Ивана Балюка определили на ночлег к Анастасии Ильиничне, худощавой, черноглазой женщине средних лет. Она была бригадиром в колхозе. Дом ее стоял [193] неподалеку от площадки, на которой приземлился самолет.

Встретили Ивана хлебосольно. На столе было все, чем красна изба. Соседи Анастасии Ильиничны, Гаврила и дядя Матвей, принесли две бутылки самогона.

— Ну-ка, Матвей, чиркни спичкой, — сказал Гаврила. — Горит! — весело отозвался Матвей. — Первачок.

После чарки разговор пошел свободнее. По просьбе своих новых друзей Балюк сначала рассказал о положении на фронте, затем о воздушных боях, об отважных летчиках.

Разошлись поздно ночью, когда, кажется, обо всем переговорили. Правда, захмелевший Гаврила еще порывался сходить за первачком, но Анастасия Ильинична прицыкнула на него...

Дед Мирон караульную службу нес исправно. С самого рассвета ребятишки толпились у самолета, но часовой никого не подпускал к нему.

— Не подходи! — покрикивал он. — Пальну.

— Так у тебя дроби-то нет, — подзадоривали его мальчишки.

— Я. и солью пальну — окочуришься. Не подходи! Когда Балюк подошел к машине, дед Мирон по всем правилам доложил:

— Ероплан в цельности и сохранности. Никаких безобразиев, окромя мальчишек, не заметил.

— Спасибо, дедуся!

— Рад стараться, товарищ Герой Советской страны! — вскинул дед Мирон седенькую бороденку.

Ребята во главе со Степкой попросили капитана «покатать» их на самолете.

— Что ж, покатаю, — пообещал Балюк. — Принесите-ка два кирпича.

Мальчишки кинулись к развалинам соседнего дома и принесли целую дюжину кирпичей.

— Подкладывайте под колеса, — сказал им летчик. — Так. Молодцы! А сейчас запустим мотор и полетим. Степа, помоги-ка мне провернуть винт. Так, так, так! Хорошо! Когда я сяду в кабину, ты с кем-нибудь рвани лопасти винта — ив сторону. Понял?

— Понял.

Вскоре самолет был готов к полету. Усадив в заднюю кабину Анастасию Ильиничну, Балюк сделал круг над [194] деревней. Председательница отказалась лететь: не на таких, мол, летала, знаю, что к чему.

Потом поднимался в воздух с дедом Мироном.

— Эх, боже ты мой! — вылезая из кабины, возбужденно кричал дед. — При жизни в раю, на небеси побывал...

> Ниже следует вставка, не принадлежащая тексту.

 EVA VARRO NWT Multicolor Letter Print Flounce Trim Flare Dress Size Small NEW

Балюк летал со Степкой, с девчатами. Только начал взлетать с восьмым или девятым пассажиром, как мотор после отрыва от земли дважды чихнул и остановился. Высота всего несколько метров, а впереди высоковольтные провода. Выход один — садиться прямо перед собой. Балюк принял решение направить самолет между столбами: разворачивать влево или вправо нельзя, нет достаточной высоты. Пока планировал, машину снесло вправо, и она ударилась крылом о столб...

Приподняв очки, Иван вылез из самолета, вытащил из кабины перепуганную насмерть девушку и, не заходя в деревню, медленно поплелся вдоль столбов к дороге.

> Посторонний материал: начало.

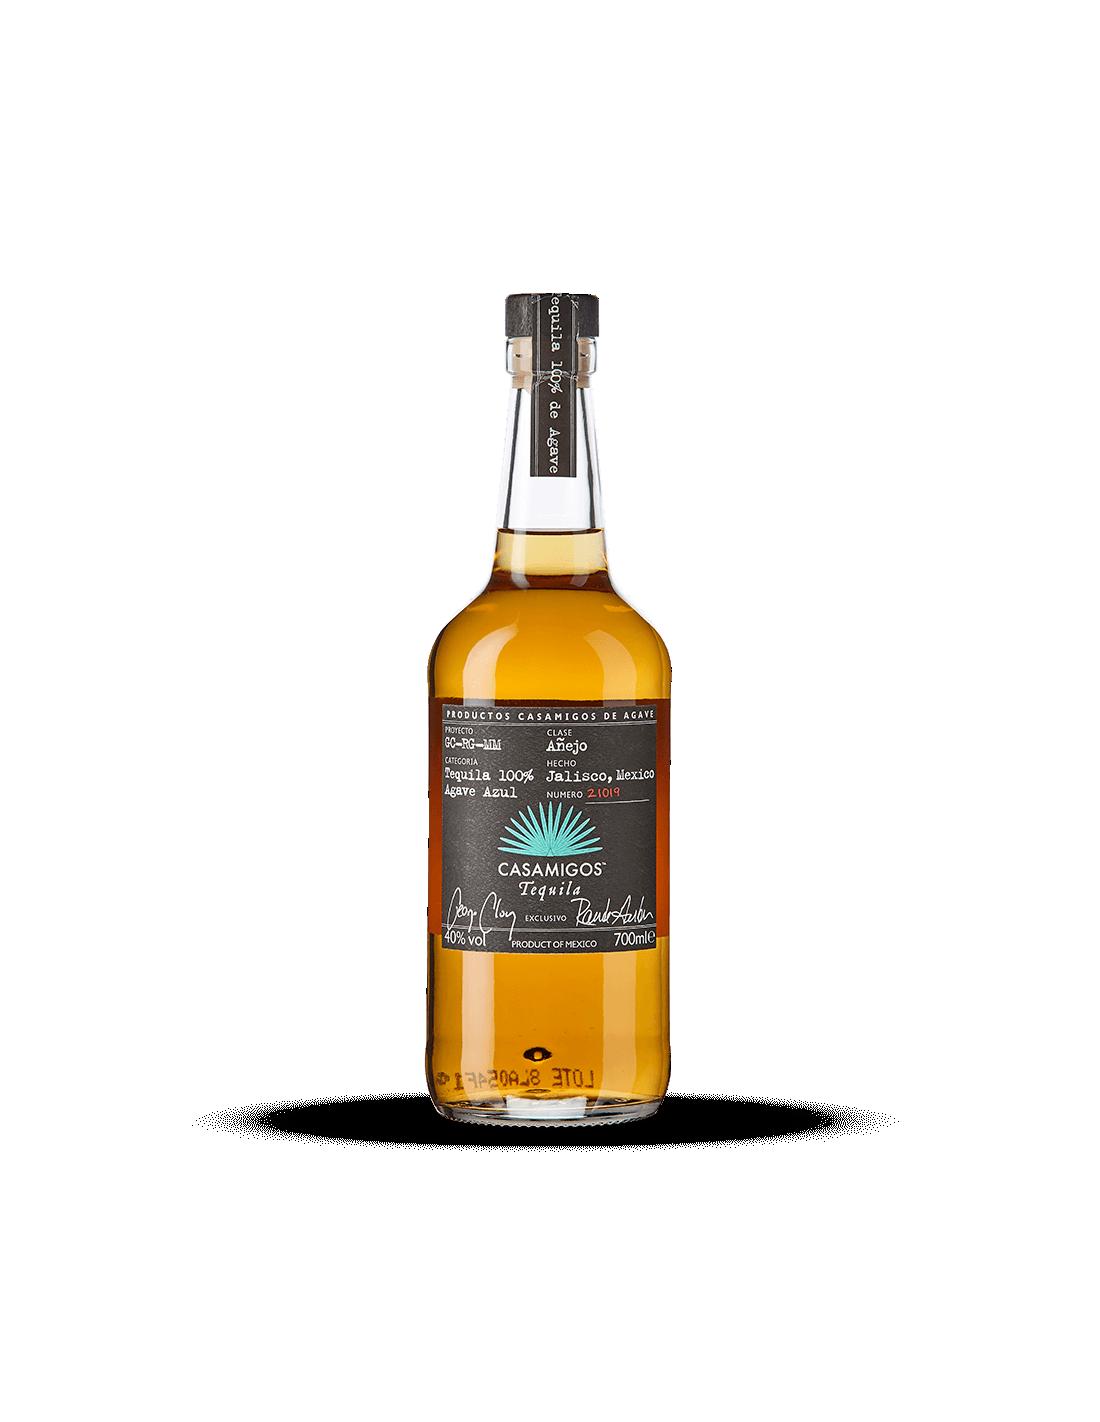 Tequila Casamigos Anejo, 40% alc., 0.7L, Mexic

В полк он пришел к исходу третьего дня. Рассказал нам, а потом командиру все, как было.

— Черт меня дернул аттракционы устраивать! Герой...

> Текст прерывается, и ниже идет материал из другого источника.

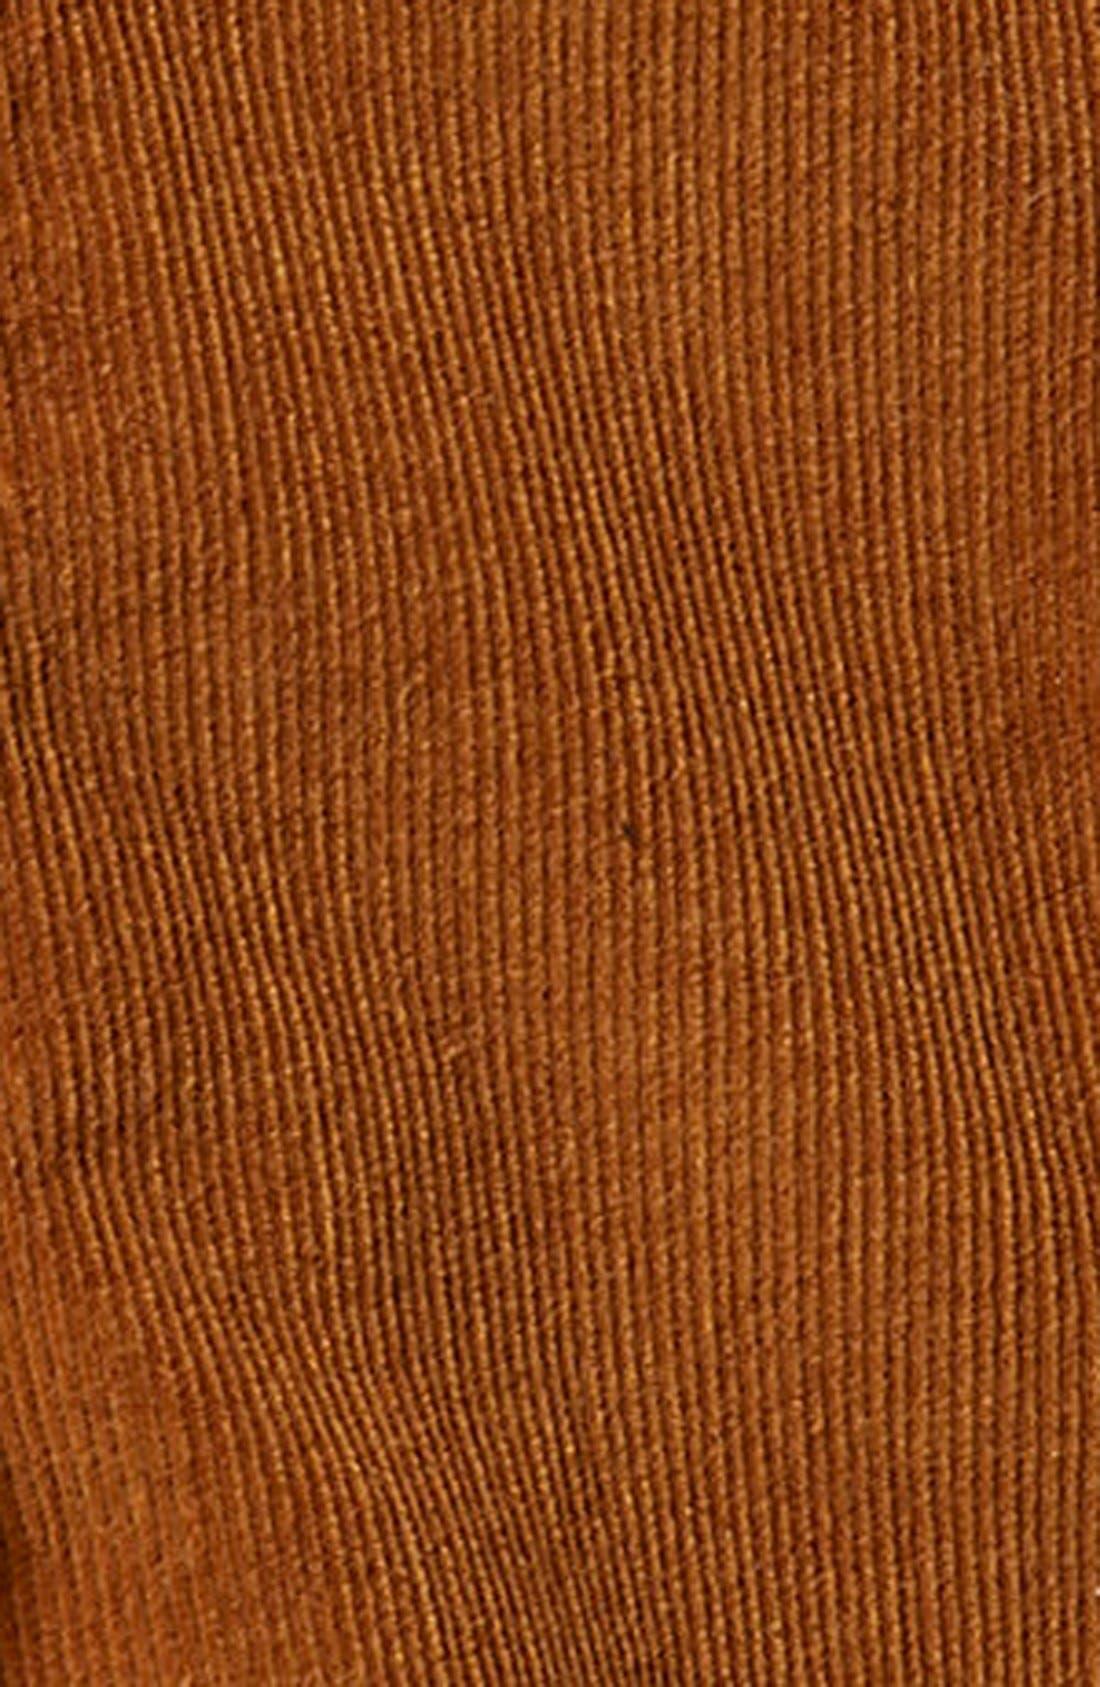 TOPSHOP, A-Line Corduroy Skirt, Alternate thumbnail 5, color, 210

Балюка отругал Мельников. Потом ему досталось на орехи от командира дивизии. А когда его вызвали в штаб воздушной армии, он снял с себя ордена и Золотую Звезду, завернул их в носовой платок и, тяжело вздохнув, проговорил:

— Все, отлетался Иван Федорович...

Сначала мы смеялись над незадачливым аттракционистом, а потом встревожились: в армии накажут за самовольство и поломанную машину. Но волнения наши были напрасны. Генерал Руденко расспросил Балюка о его приключениях, отечески пожурил и неожиданно предложил:

— Поезжай-ка ты, Иван, домой, в Конотоп. Повидай родных, а то скоро на запад пойдем.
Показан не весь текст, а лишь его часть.